Department of Surgery, Oregon Health & Science University, Mail Code L223, 3181 Sam Jackson Park Rd, Portland, OR 97201

(Email: karamlou{at}ohsu.edu).

To the Editor:

The recent letter by Carotti and colleagues [1] addresses the association between a rare variant of truncus arteriosus and ductal origin of the distal pulmonary artery, which was not mentioned in our recent review [2]. The modified Van Praagh classification [3] describes a single origin of the pulmonary artery from the common arterial trunk (usually the right pulmonary artery), with either the ductus or collateral vessels supplying the contralateral side, classified as type A3. Others have described this morphologic type as hemitruncus [4, 5] to emphasize the discontinuity of the pulmonary arteries.
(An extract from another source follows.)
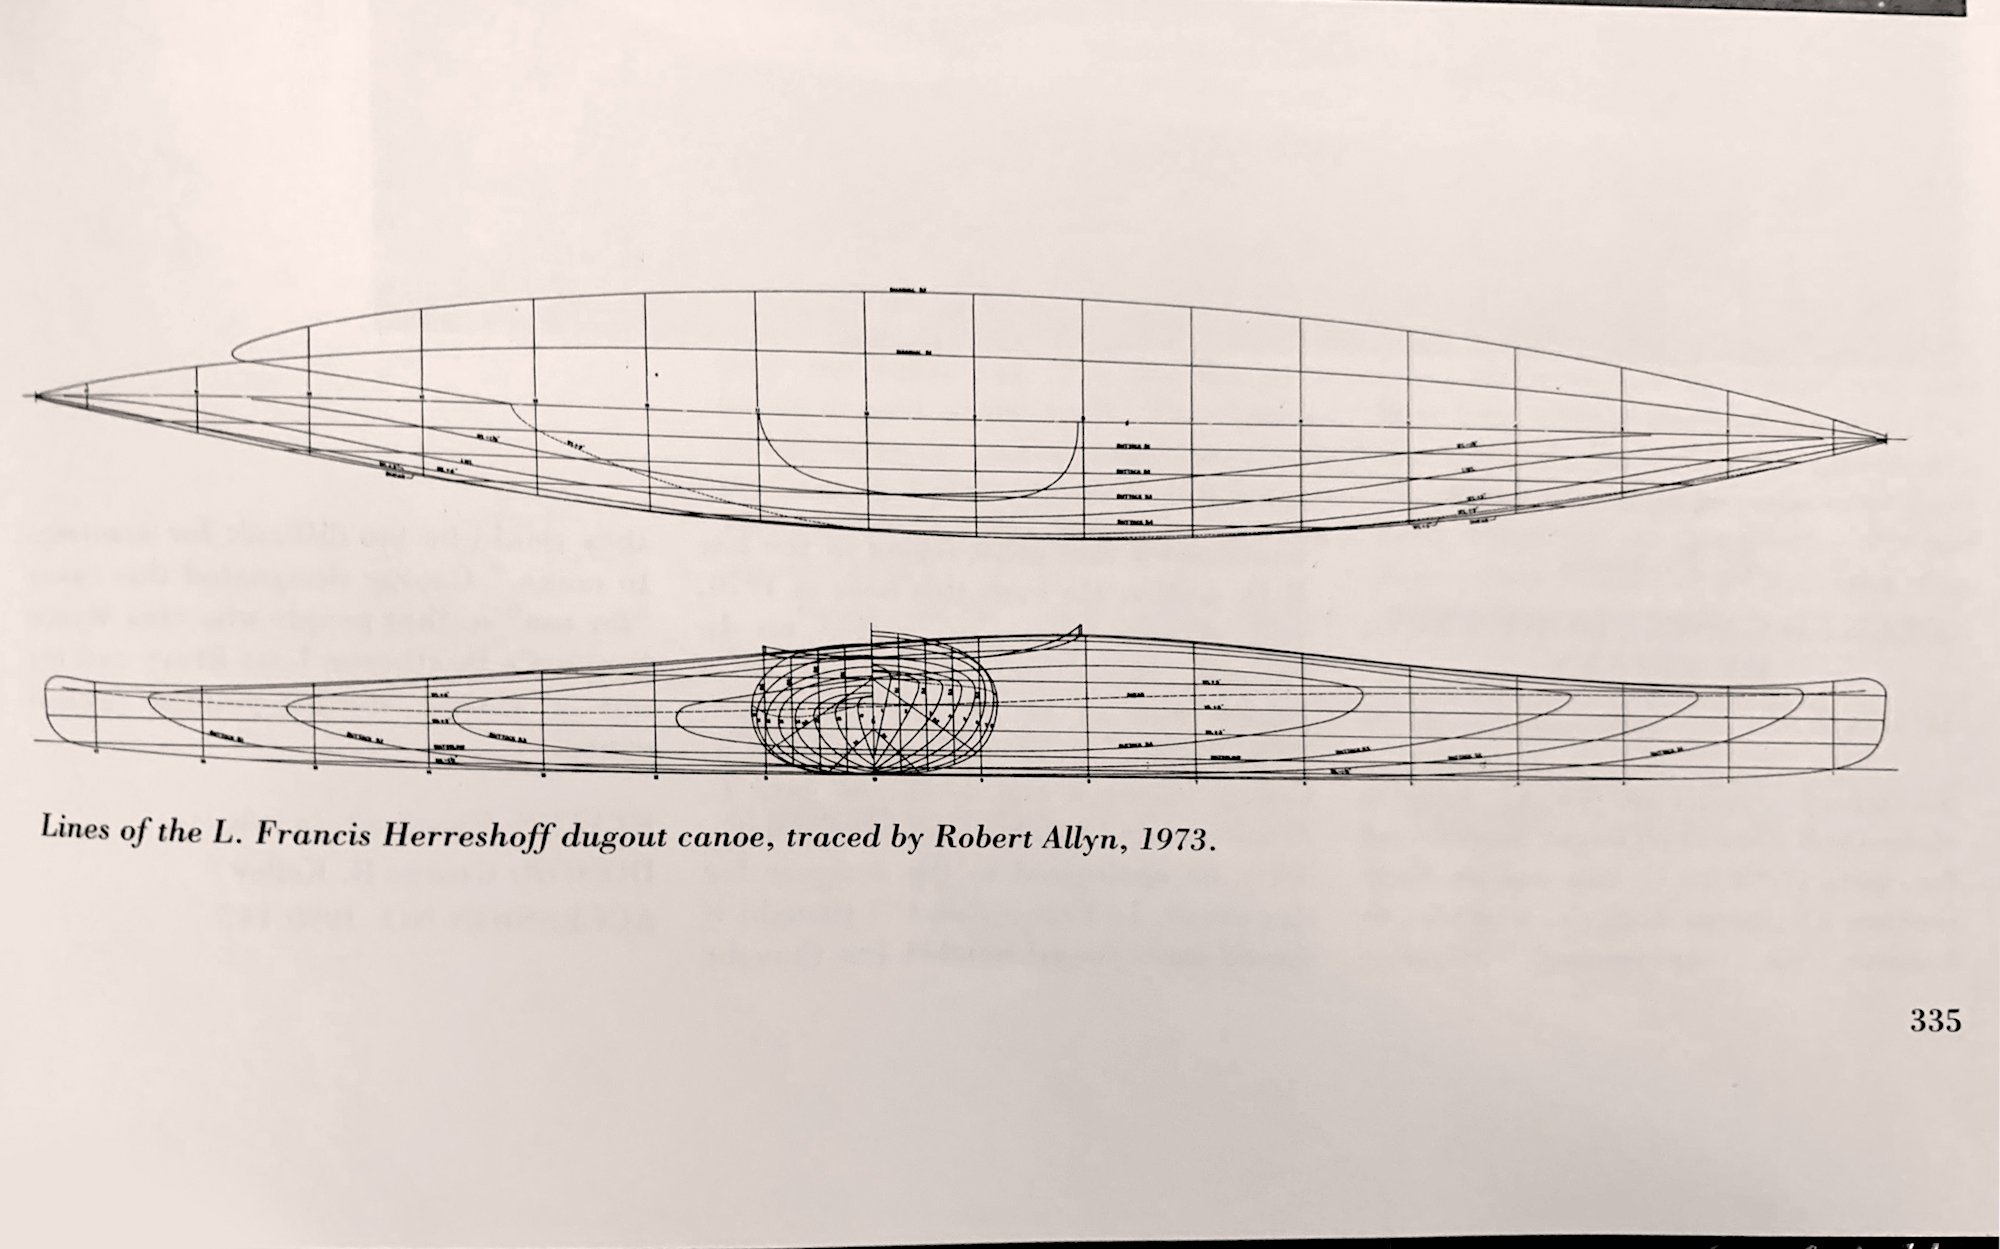 L Francis Herreshoff was a canoe enthusiast, here his treatment of an elegant kayak
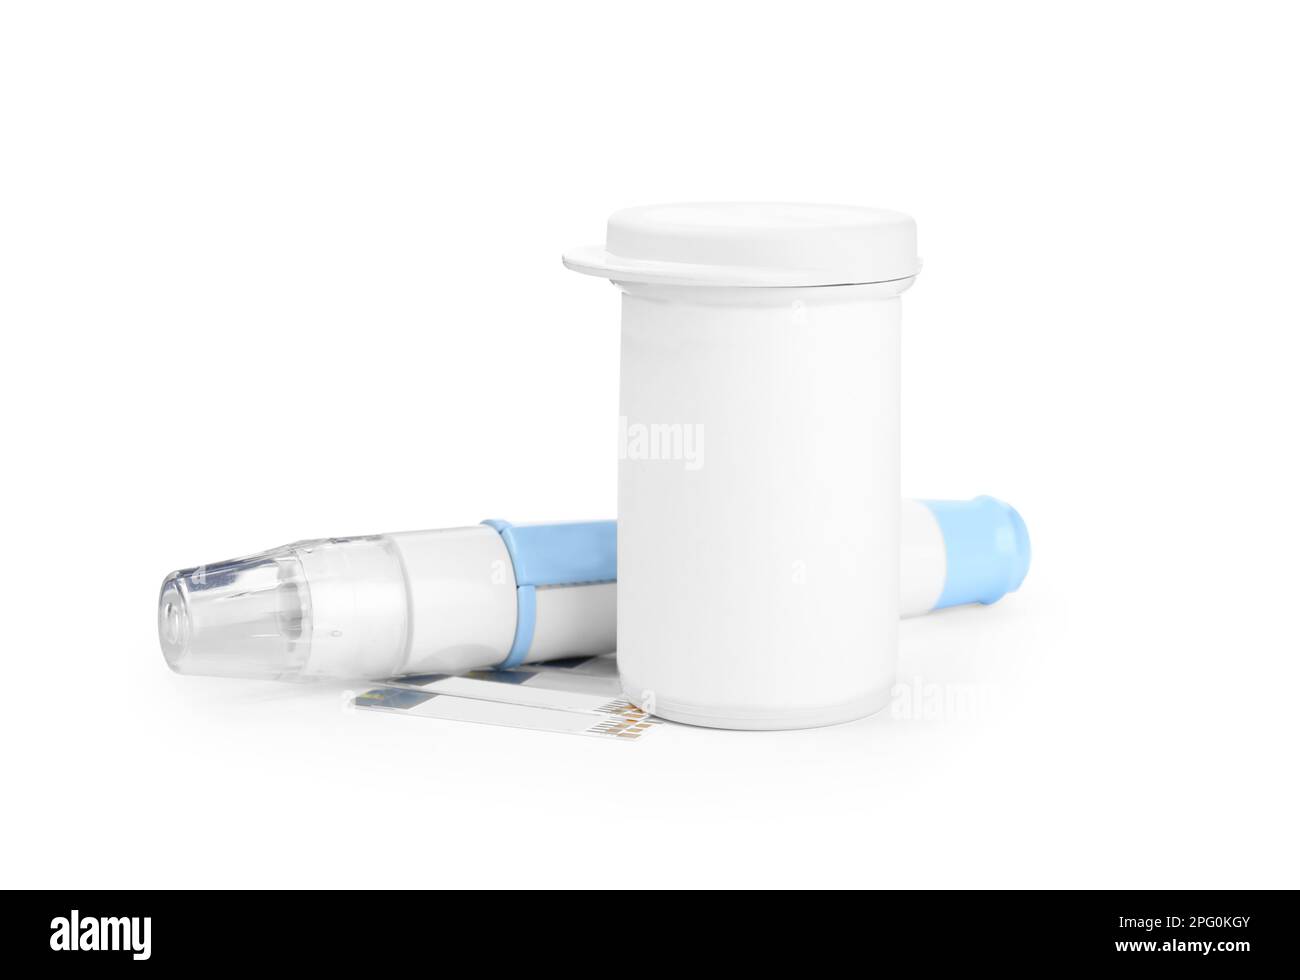 Lancet pen, container and test strips Diabetes control Stock Photo

Although we are aware of this variant of truncus arteriosus, it is worth mentioning that overall, Van Praagh types A1 and A2 represent the majority of the morphologic spectrum of truncus arteriosus, comprising 86% of patients with truncus arteriosus in the GLH autopsy series and 89% in the Toronto series [6, 7]. Those patients with a true ductal origin of the distal pulmonary artery, as opposed to those with multiple collateral supply, represent an even more discrete subgroup, with only 2% of all patients with type A3 truncus arteriosus. Accordingly, we had no patients with hemitruncus in our series. This rarity notwithstanding, the morphology of hemitruncus is highly variable, and thus experience with each type is limited, making useful inferences problematic.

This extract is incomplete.